Once the woman had gone, and a pair of dogs had emerged to fight over the scraps, Blue tugged open the door. He peered into a kitchen that stank of spilled beer and questionable meat. He pointed to a small wooden keg, the side of which bore a brand in the shape of a dead cow.

After all these centuries, Yog was still capable of surprise. “You did it.”

“Aye,” said Blue.

“The ale was properly prepared?”

Blue nodded, making the tip of his cap flop back and forth.

“You didn’t piss in it this time?”

He shook his head even harder.

“Or put frogs or snakes or anything else, living or dead, into the keg?”

“No bugs, no slugs!”

“Well done. Return to the library and rejoin the others before—” A woman in a stained apron stomped through the kitchen and froze when she spotted the redcap. Yog sighed. “—before you’re seen.”

The woman drew breath to scream, then hesitated. “Are you here to spend your coin? We serve the twenty-third best ale in Albion.”

Blue shook his head again.

“Oh. All right, then.”
Now
the woman screamed.

Blue jumped up and fished a snake skull packed with pebbles and dried mud from a pouch at his belt. He loaded his slingshot, aimed, and loosed the missile in one smooth motion. He missed the woman completely but struck the glass lantern hanging on the wall behind her. Blue whooped with delight as the lantern shattered, spraying flame and oil over the wall.
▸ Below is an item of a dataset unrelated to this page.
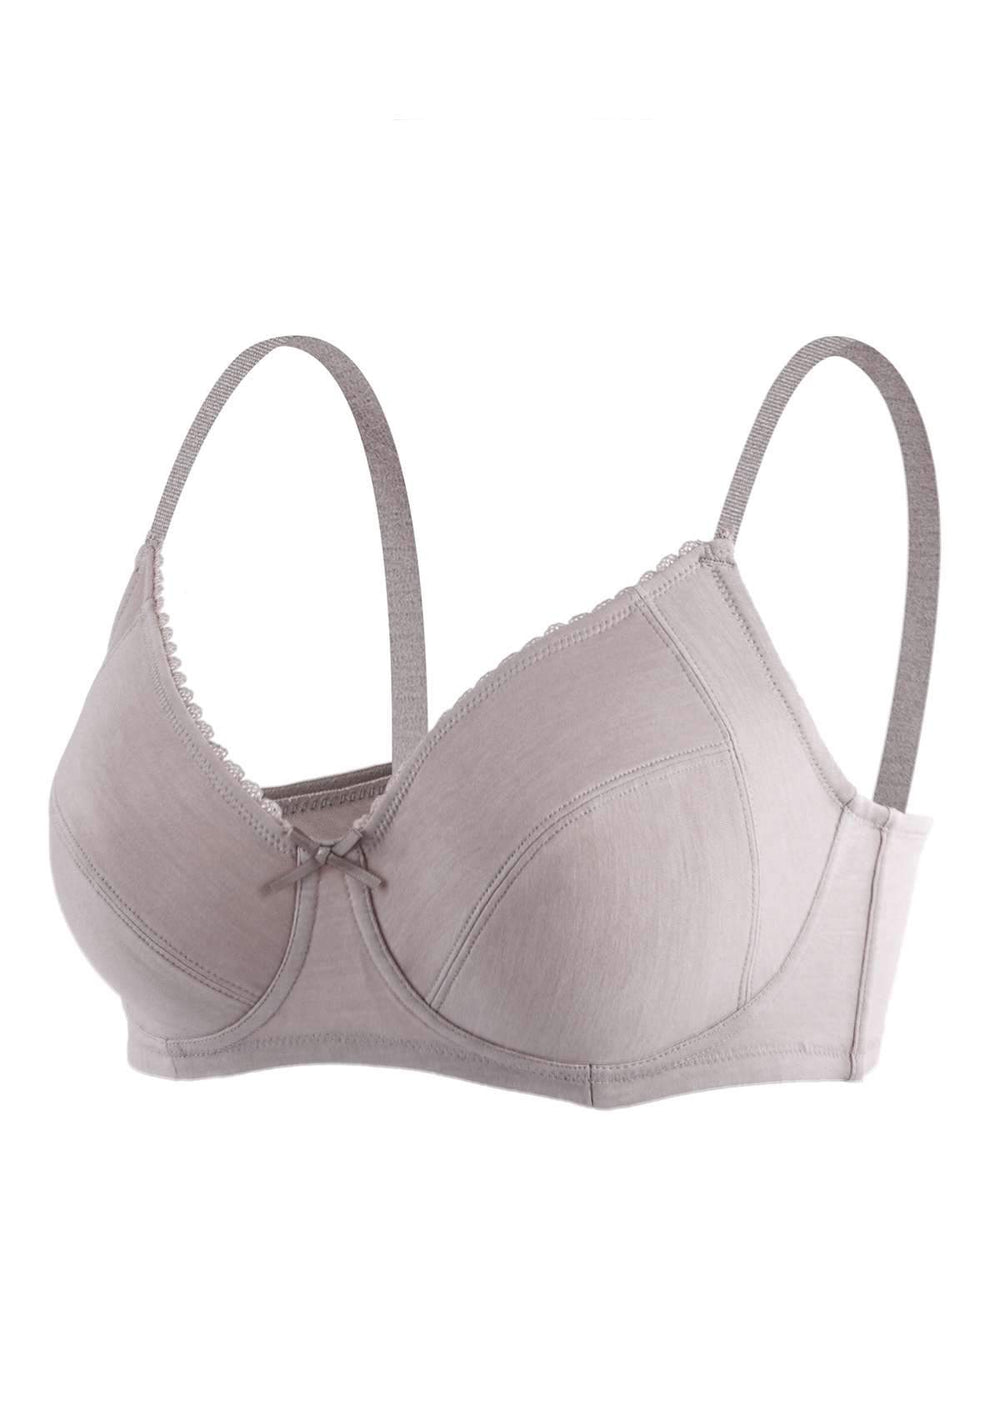 Plain Deevaz Cotton Everyday Bra - Blue, For Daily Wear at Rs 199

Bad enough Yog was stuck with a redcap serving as one of her three Riders. She had to pick one with a particular love of setting things on fire. It was a miracle Blue had gone two days in Brightlodge without setting the whole place ablaze.

Blue yanked the door shut and scampered away.

Yog extinguished the candle and rubbed her eyes. Blue
had
made sure the keg was delivered safely to the pub. The rest was as much Yog’s fault as anyone’s. She was the one who insisted he return to the pub so she could see for herself. She might have been better off ordering him to jump from the top of Wendleglass Hall.

Not for the first time, she cursed her fortune. The woods were full of creatures far more powerful and dangerous than a half-mad, bloodthirsty changeling. But her power wasn’t what it used to be, and her plans required a redcap, at least for now.

Assuming the pub didn’t burn to the ground, it wouldn’t be long before she confirmed the ale’s effect on the townspeople. Yog and her Riders would soon reclaim their former strength and glory, and Albion would cower at the mention of her name.

If all went well, perhaps she’d let Blue burn Brightlodge to the ground as a reward for his service.